#### DATA ####
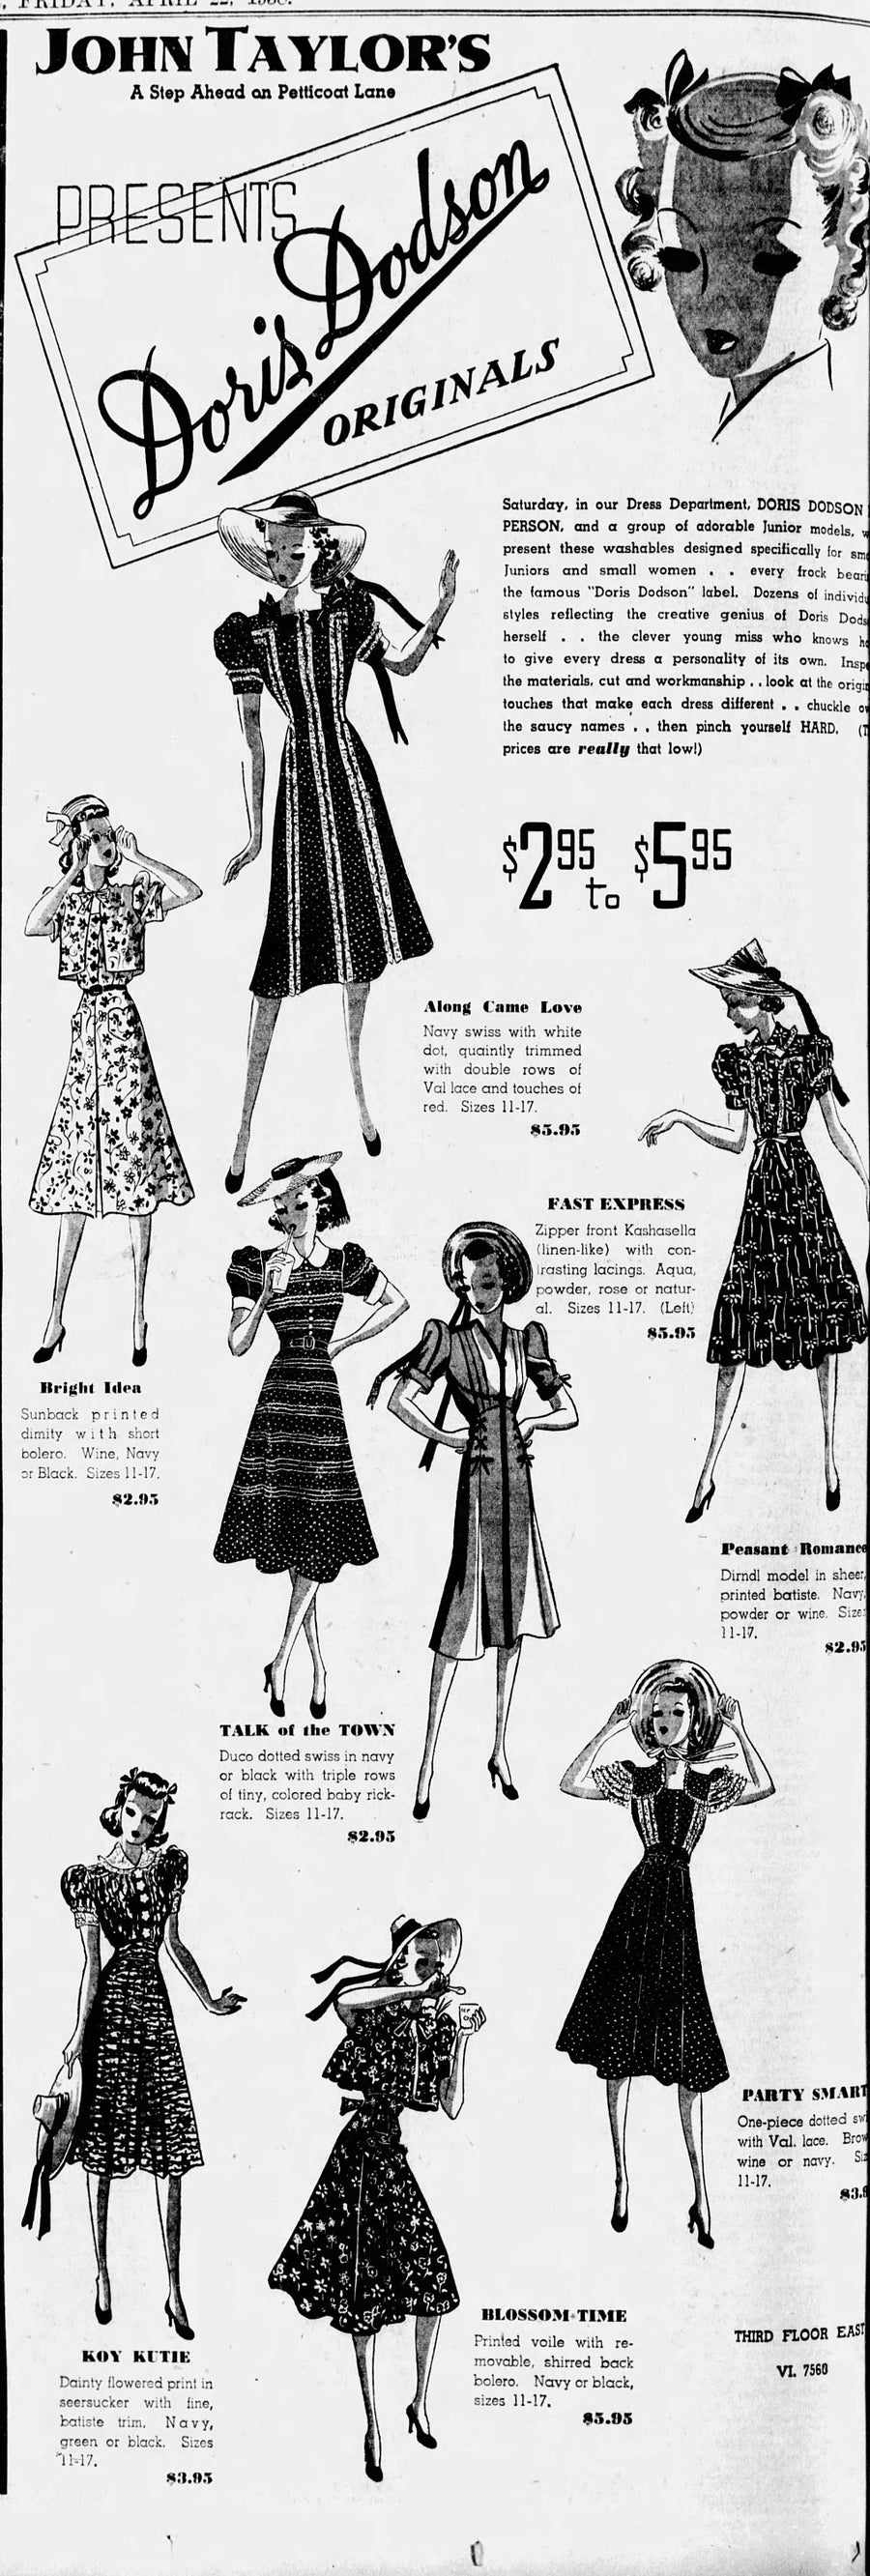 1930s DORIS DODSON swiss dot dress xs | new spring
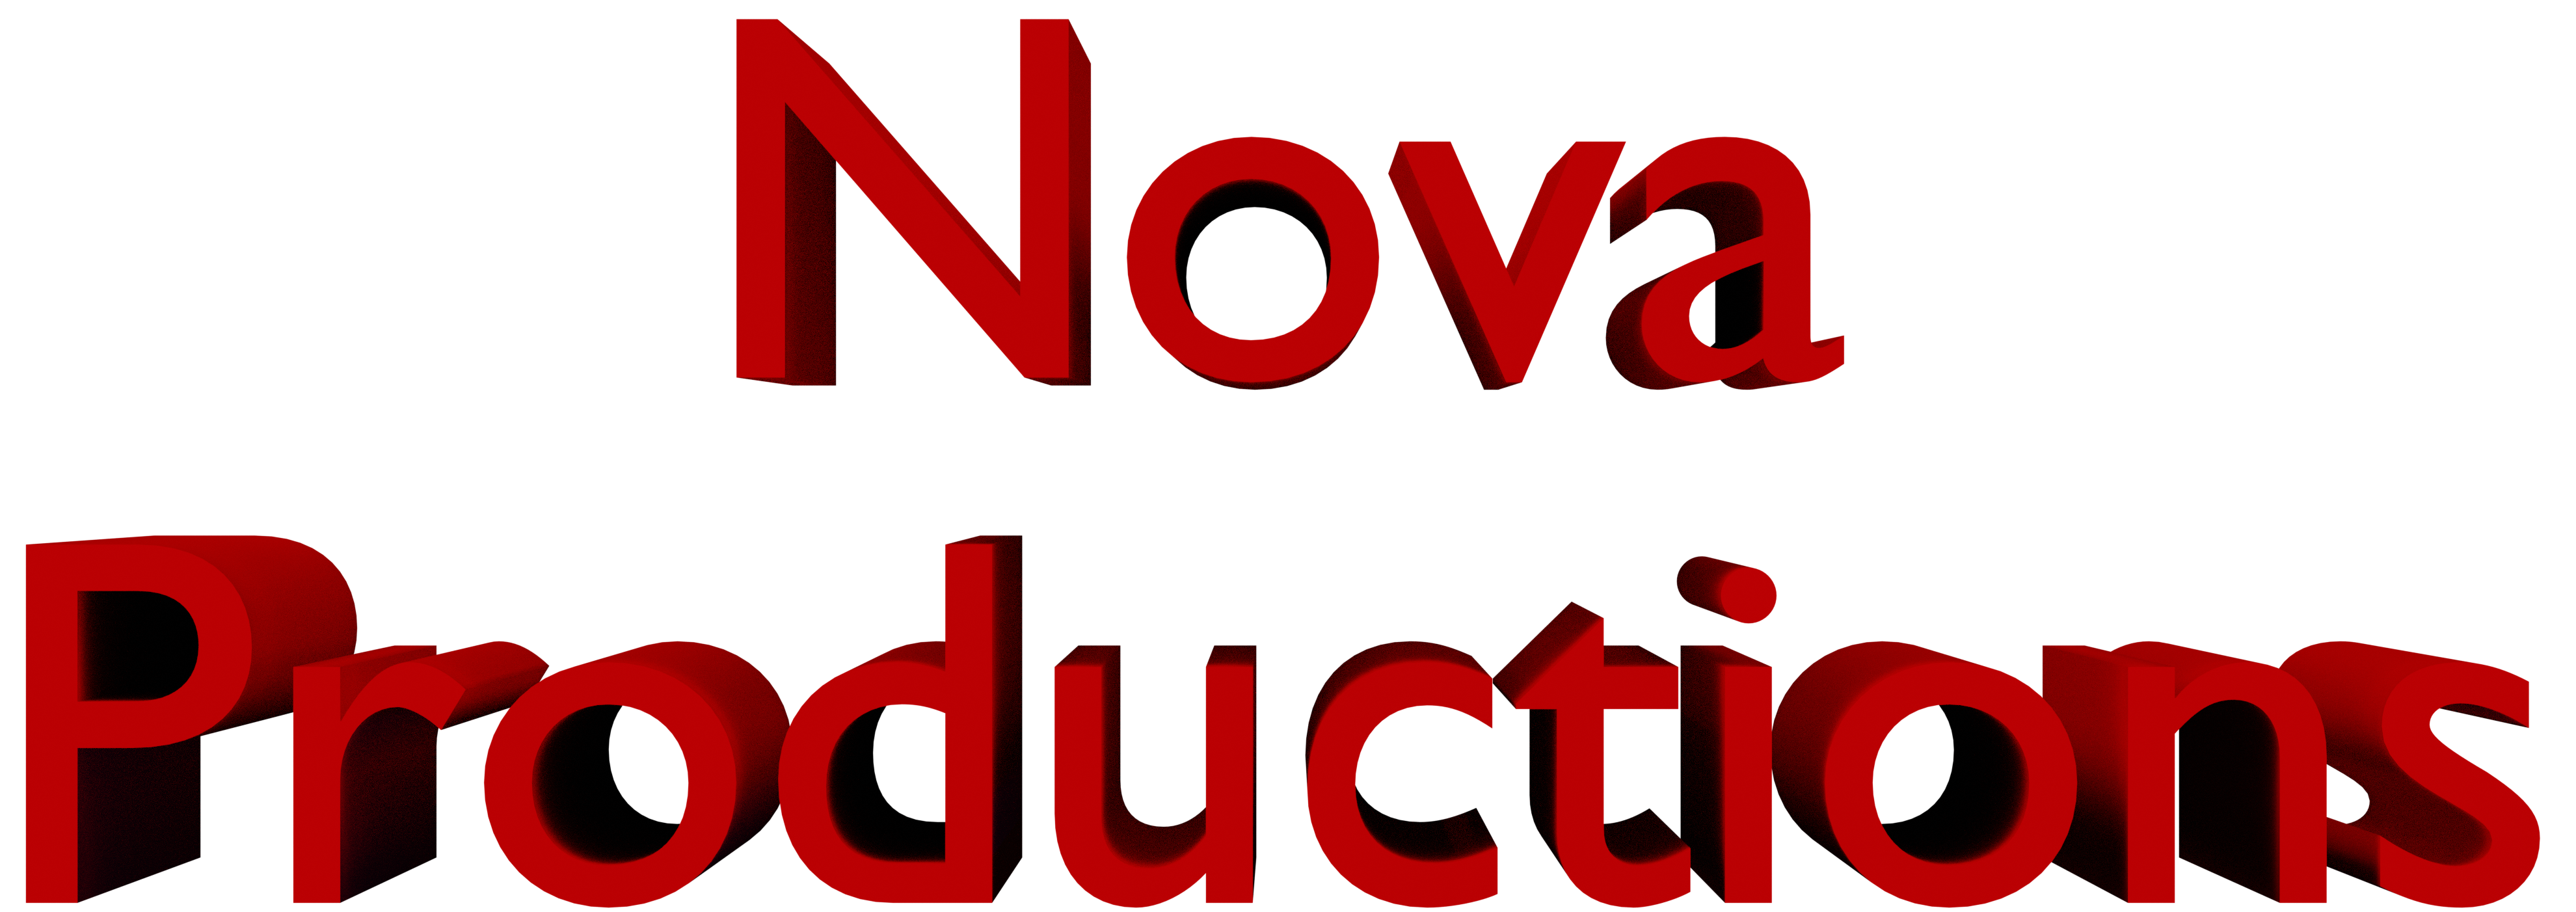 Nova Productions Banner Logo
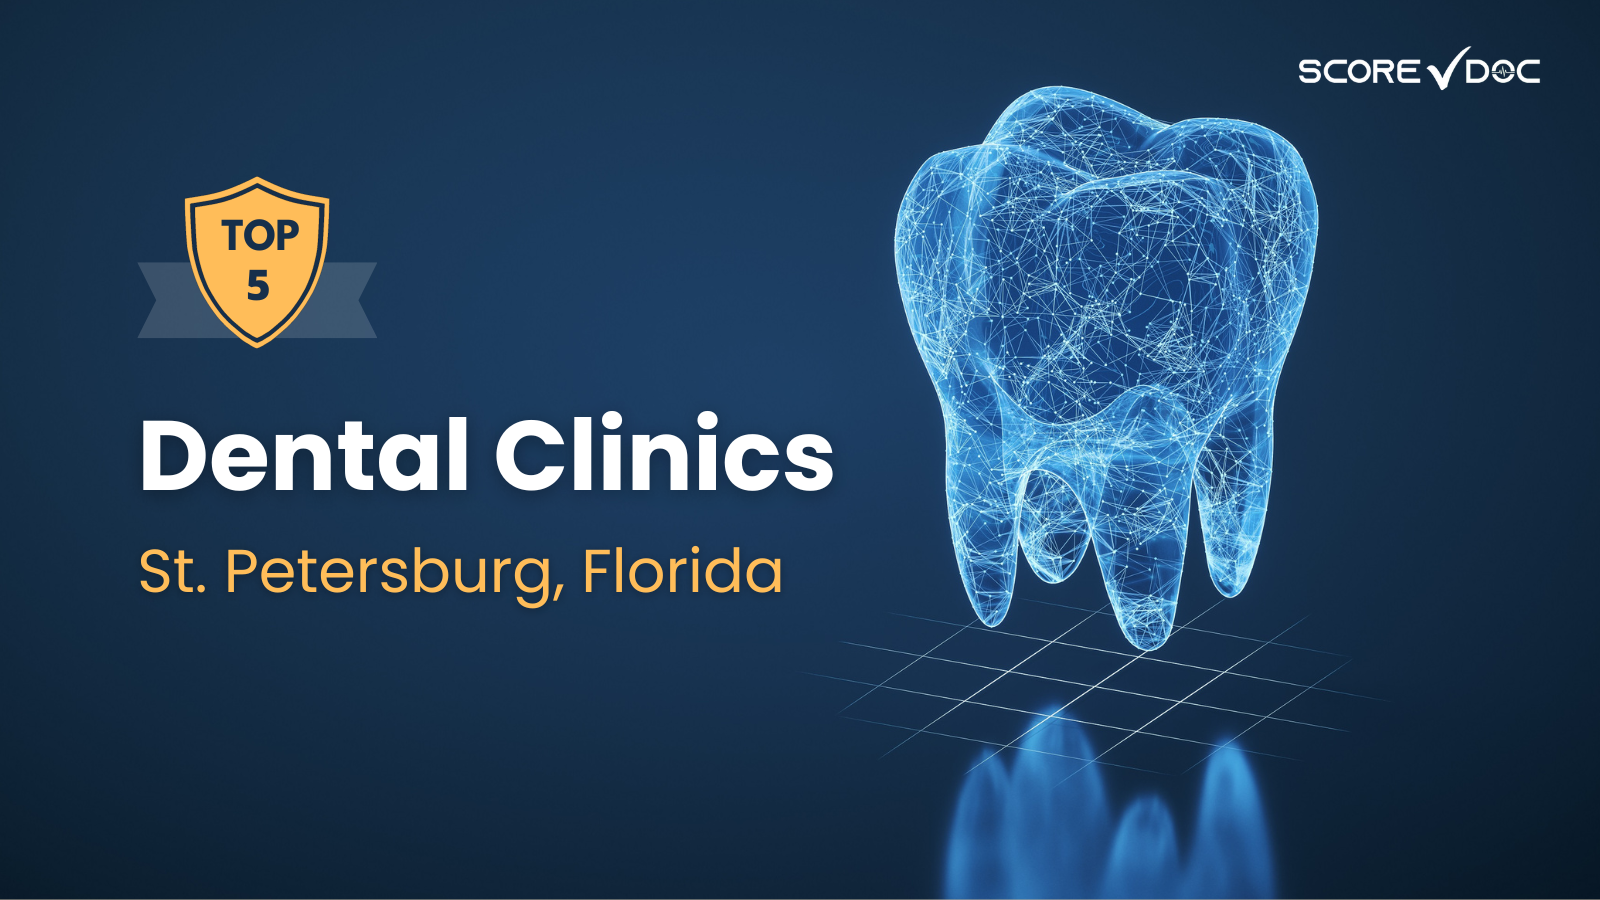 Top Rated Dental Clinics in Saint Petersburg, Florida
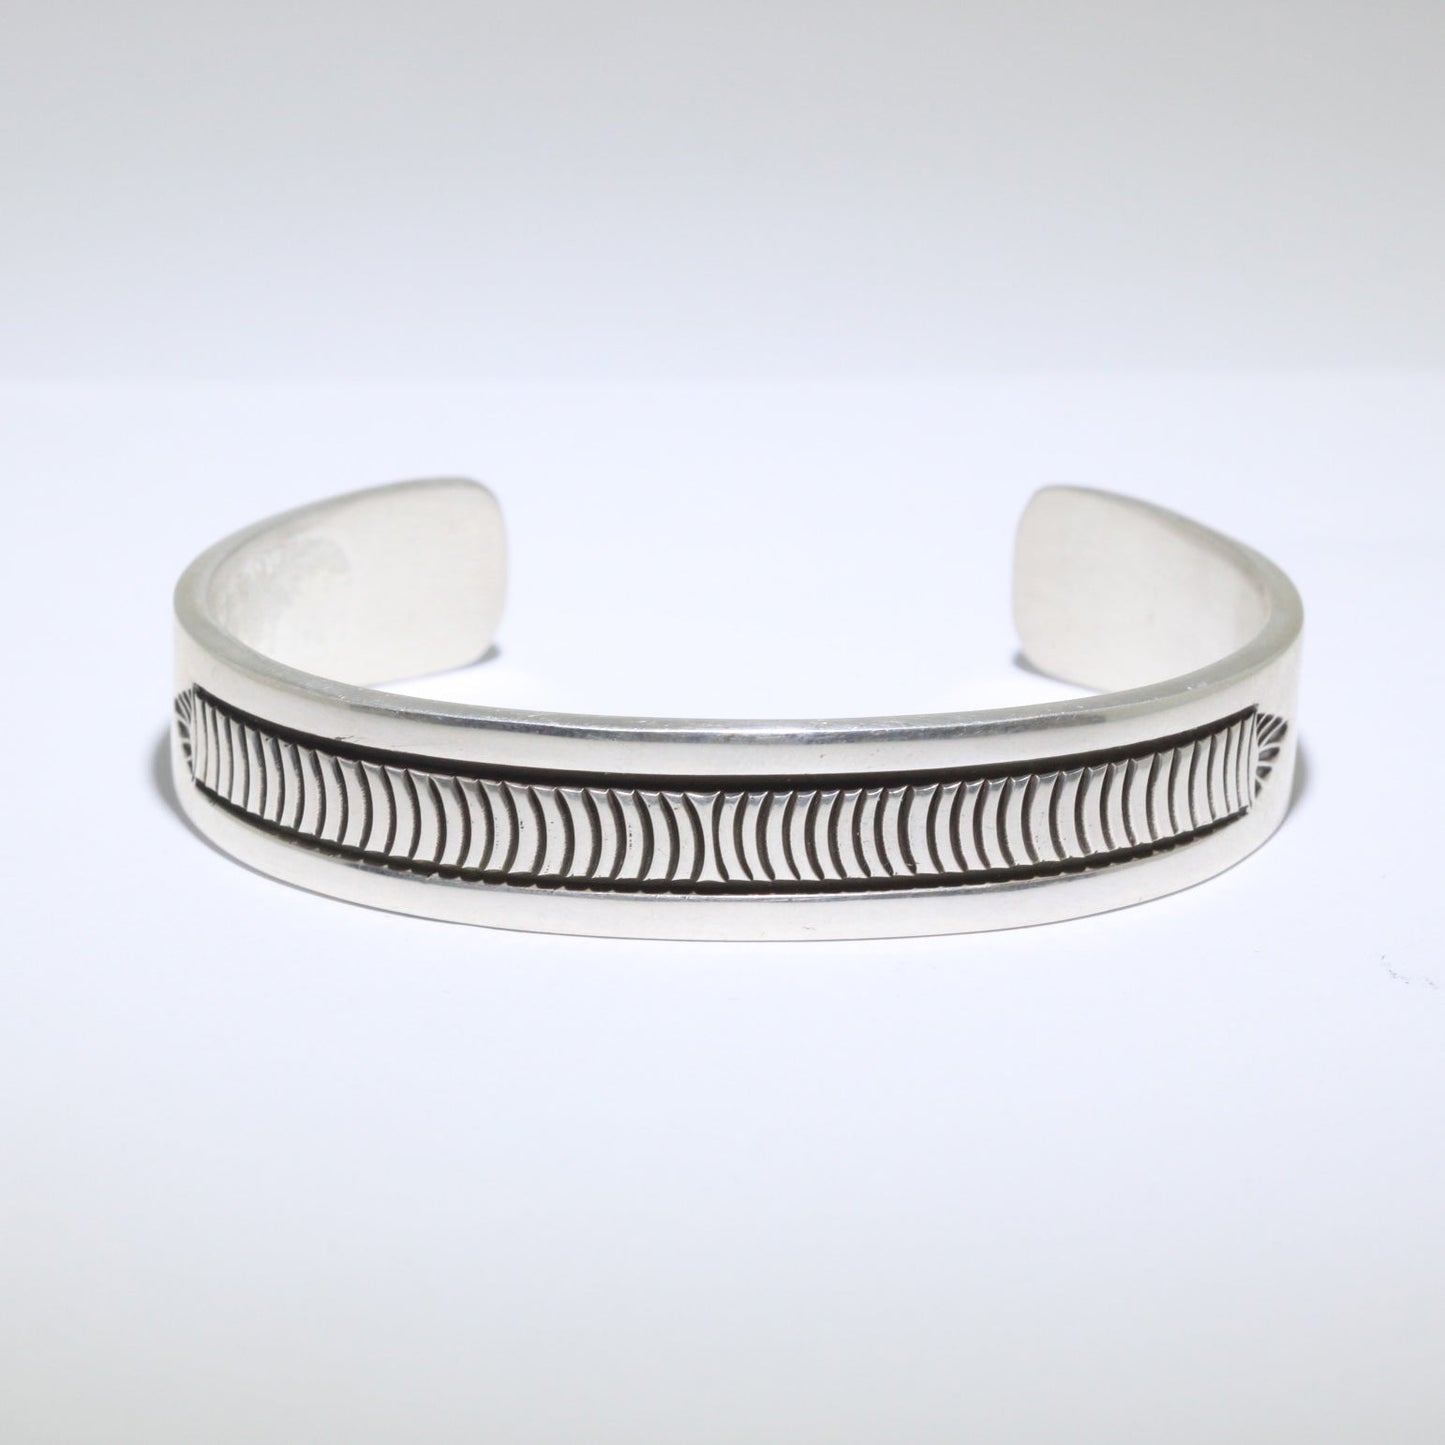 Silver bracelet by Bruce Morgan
####
WORK ITEM
Print the lines from the one that contains "Nova Productions Banner Logo" through the final line of the material above, exactly and only those, with pictures left out.

TASK RESPONSE
 Nova Productions Banner Logo
 Top Rated Dental Clinics in Saint Petersburg, Florida
 Silver bracelet by Bruce Morgan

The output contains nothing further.